--- SOURCE RECORDS ---
-- -- --
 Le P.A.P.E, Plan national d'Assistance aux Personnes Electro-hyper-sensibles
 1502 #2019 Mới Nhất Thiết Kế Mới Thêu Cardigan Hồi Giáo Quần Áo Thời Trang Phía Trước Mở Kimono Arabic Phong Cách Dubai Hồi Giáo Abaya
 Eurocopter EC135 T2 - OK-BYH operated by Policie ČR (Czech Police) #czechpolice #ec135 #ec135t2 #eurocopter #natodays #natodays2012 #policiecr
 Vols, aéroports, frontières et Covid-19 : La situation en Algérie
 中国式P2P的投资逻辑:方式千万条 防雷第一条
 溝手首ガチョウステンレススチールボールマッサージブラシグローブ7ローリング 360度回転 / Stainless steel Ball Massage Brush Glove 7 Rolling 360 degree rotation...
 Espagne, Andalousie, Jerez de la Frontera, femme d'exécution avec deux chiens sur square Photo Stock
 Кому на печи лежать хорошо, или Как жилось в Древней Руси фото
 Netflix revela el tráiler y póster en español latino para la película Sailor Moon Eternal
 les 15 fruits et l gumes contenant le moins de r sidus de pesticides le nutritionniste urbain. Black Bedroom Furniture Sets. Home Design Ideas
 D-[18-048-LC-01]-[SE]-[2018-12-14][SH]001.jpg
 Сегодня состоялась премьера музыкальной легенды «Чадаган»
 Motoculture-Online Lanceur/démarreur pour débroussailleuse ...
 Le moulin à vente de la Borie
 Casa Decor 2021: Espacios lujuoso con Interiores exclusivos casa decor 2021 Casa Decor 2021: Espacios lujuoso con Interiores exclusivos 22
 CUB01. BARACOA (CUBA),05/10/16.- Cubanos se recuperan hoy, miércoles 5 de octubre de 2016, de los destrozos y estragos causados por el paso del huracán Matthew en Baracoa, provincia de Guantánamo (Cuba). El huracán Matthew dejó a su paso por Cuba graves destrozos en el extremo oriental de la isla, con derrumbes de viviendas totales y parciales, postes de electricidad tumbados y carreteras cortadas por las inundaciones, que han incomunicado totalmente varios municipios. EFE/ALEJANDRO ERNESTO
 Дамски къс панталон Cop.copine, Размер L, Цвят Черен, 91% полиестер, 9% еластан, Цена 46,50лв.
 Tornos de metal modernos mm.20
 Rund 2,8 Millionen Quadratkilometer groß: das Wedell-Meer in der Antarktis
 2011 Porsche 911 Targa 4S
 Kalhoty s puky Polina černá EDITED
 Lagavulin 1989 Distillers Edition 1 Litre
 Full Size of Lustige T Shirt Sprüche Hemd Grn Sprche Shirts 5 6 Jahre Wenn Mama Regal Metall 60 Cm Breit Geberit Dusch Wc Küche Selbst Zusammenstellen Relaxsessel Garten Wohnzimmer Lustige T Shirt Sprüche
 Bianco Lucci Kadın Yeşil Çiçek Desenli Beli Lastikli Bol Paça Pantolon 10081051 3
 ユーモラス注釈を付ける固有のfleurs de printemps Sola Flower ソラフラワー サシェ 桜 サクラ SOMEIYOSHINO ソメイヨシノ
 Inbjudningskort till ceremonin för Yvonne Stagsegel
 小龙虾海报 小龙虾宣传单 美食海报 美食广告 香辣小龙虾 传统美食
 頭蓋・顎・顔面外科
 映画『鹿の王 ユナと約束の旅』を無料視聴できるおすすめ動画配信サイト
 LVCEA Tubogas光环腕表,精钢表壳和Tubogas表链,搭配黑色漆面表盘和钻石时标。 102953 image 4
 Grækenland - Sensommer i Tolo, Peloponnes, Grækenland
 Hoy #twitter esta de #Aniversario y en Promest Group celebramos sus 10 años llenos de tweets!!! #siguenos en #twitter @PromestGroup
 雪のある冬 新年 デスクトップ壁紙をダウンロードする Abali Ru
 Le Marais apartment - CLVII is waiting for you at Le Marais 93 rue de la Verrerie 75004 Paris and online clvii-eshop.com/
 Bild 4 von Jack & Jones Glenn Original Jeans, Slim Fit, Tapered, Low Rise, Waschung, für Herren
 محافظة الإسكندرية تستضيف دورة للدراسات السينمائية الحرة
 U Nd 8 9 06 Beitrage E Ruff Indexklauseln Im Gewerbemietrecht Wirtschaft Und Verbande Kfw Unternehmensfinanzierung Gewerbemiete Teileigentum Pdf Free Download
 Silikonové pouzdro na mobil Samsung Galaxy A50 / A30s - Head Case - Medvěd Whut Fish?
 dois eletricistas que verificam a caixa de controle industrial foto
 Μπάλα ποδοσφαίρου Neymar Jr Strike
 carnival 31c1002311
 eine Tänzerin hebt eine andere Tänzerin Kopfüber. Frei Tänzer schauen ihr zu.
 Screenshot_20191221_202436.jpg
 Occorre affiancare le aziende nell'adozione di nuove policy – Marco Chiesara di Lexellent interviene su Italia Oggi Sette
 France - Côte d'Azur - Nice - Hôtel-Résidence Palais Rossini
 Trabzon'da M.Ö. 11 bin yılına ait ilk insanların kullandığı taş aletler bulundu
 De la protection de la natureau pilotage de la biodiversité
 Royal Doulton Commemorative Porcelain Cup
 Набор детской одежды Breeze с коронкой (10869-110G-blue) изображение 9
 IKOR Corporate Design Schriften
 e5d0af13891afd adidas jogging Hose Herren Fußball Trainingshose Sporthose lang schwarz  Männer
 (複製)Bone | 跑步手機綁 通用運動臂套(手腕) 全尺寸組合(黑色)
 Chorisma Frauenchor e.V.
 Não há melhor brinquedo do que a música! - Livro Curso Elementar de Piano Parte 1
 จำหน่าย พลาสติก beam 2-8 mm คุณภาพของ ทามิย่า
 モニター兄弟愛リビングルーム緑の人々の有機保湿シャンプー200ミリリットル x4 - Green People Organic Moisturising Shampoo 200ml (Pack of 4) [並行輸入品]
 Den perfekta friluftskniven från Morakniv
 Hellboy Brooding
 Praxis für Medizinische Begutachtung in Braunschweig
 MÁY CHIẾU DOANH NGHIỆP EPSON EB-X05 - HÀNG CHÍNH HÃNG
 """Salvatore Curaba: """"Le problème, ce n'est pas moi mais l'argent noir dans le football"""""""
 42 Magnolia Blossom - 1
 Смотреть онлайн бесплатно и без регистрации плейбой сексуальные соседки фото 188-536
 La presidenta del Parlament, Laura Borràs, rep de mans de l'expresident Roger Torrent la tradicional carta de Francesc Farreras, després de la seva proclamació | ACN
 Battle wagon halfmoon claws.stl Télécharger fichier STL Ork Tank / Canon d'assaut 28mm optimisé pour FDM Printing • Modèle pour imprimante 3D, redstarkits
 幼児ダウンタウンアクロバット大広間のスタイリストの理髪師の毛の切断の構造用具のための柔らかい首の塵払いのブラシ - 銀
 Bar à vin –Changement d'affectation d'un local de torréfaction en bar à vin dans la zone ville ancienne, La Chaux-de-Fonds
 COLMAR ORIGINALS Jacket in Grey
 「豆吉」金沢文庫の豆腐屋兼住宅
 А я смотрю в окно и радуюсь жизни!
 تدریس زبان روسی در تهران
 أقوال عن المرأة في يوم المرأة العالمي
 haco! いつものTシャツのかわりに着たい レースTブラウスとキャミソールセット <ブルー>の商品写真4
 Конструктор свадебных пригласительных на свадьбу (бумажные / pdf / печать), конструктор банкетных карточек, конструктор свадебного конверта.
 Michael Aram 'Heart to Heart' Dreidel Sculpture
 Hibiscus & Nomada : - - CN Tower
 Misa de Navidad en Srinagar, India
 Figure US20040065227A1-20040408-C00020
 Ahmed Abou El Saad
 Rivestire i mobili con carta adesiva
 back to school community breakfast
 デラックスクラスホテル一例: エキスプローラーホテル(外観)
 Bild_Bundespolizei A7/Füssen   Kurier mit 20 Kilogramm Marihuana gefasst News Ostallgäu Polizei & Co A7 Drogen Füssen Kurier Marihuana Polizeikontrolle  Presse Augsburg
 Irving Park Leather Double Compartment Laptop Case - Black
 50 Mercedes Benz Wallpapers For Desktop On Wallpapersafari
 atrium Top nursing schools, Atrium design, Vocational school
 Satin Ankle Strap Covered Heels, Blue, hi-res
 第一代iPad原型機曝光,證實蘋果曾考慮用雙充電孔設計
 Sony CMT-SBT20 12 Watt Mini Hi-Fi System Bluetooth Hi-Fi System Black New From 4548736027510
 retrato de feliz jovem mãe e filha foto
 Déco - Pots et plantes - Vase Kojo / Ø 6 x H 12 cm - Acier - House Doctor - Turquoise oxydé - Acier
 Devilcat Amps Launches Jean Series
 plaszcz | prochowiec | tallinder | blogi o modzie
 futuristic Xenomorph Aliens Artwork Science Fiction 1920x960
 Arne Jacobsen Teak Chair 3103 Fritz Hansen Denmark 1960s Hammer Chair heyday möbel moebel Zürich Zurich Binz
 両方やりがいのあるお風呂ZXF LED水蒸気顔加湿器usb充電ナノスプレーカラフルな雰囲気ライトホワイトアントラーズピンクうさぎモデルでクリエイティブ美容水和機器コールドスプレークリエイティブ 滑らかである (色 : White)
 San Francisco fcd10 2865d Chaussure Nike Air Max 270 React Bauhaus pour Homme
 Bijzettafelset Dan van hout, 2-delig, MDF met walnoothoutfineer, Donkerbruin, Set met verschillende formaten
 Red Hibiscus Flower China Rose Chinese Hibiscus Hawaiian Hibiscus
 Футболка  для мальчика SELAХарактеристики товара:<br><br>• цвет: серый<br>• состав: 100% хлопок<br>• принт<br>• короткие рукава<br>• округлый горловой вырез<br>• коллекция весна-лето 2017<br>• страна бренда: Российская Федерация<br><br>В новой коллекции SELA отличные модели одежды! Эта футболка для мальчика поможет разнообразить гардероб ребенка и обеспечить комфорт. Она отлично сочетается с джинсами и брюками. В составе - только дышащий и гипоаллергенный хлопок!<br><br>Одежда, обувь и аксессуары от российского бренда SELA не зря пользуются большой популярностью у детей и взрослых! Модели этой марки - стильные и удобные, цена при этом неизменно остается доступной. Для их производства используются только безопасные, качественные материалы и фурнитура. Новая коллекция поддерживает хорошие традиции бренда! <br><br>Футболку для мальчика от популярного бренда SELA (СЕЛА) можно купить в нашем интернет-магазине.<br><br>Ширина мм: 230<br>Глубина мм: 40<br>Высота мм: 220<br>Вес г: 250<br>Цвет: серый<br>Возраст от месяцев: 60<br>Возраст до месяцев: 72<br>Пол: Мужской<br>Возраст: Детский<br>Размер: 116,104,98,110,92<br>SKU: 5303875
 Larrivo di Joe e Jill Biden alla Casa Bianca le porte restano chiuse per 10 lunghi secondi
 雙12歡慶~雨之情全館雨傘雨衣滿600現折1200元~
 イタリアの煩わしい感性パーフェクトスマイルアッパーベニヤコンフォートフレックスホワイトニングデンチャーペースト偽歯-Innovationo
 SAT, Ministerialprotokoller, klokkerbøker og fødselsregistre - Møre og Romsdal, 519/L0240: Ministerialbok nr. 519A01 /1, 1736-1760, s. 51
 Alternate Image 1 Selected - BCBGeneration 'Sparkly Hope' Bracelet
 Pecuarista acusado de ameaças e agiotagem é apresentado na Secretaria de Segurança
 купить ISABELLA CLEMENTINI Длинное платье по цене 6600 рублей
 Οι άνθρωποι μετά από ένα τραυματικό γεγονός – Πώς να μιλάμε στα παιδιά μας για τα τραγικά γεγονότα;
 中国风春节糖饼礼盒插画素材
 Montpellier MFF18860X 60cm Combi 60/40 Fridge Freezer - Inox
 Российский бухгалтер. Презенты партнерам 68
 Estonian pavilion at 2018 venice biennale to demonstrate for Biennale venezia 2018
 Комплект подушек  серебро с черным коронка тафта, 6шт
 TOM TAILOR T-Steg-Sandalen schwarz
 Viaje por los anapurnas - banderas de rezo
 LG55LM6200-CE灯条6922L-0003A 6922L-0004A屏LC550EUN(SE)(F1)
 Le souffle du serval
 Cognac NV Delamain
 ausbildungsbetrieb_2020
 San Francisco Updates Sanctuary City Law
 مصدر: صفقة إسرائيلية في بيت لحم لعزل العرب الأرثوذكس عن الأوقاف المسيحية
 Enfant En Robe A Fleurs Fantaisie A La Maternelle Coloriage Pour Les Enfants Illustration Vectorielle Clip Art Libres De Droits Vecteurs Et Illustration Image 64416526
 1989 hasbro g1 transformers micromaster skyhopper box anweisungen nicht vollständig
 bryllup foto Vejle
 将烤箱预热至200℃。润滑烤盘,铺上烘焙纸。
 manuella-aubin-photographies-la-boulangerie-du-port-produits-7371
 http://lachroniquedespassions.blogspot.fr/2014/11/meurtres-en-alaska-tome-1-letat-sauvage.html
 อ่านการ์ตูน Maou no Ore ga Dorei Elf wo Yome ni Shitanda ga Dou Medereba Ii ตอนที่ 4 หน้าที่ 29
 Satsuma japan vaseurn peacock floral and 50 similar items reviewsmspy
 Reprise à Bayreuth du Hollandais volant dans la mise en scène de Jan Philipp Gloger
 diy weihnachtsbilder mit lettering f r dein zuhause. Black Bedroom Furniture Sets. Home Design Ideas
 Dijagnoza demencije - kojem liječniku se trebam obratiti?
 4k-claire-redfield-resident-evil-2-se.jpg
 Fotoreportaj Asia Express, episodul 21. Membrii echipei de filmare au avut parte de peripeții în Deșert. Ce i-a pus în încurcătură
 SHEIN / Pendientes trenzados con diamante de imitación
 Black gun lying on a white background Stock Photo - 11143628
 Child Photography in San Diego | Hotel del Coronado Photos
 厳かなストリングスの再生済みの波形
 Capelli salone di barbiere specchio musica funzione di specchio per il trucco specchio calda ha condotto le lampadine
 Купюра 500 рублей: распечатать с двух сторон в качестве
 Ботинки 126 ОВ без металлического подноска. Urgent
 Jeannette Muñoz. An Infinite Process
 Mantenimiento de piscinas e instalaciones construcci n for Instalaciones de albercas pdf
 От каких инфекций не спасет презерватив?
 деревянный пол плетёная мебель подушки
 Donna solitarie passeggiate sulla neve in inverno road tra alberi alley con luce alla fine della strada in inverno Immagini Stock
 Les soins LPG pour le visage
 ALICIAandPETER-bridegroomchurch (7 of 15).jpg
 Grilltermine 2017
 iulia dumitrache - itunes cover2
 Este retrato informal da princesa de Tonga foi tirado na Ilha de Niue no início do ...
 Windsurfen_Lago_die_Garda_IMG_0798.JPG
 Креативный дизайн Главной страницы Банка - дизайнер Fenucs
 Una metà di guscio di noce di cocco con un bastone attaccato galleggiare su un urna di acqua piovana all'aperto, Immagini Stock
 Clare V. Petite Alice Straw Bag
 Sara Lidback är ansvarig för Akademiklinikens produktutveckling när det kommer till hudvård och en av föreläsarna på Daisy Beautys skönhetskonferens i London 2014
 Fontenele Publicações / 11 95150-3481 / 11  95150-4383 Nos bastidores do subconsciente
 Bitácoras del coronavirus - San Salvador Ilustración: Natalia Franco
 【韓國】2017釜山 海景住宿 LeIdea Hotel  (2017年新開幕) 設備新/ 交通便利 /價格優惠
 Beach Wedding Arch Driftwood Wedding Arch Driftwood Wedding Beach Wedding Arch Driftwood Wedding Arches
-- -- --
--- YOUR TASK ---
The expected output is exactly the lines of the listing above between the line holding "D-[18-048-LC-01]-[SE]-[2018-12-14][SH]001.jpg" and the line holding "Casa Decor 2021: Espacios lujuoso con Interiores exclusivos casa", inclusive.

--- WRITTEN RESPONSE ---
 D-[18-048-LC-01]-[SE]-[2018-12-14][SH]001.jpg
 Сегодня состоялась премьера музыкальной легенды «Чадаган»
 Motoculture-Online Lanceur/démarreur pour débroussailleuse ...
 Le moulin à vente de la Borie
 Casa Decor 2021: Espacios lujuoso con Interiores exclusivos casa decor 2021 Casa Decor 2021: Espacios lujuoso con Interiores exclusivos 22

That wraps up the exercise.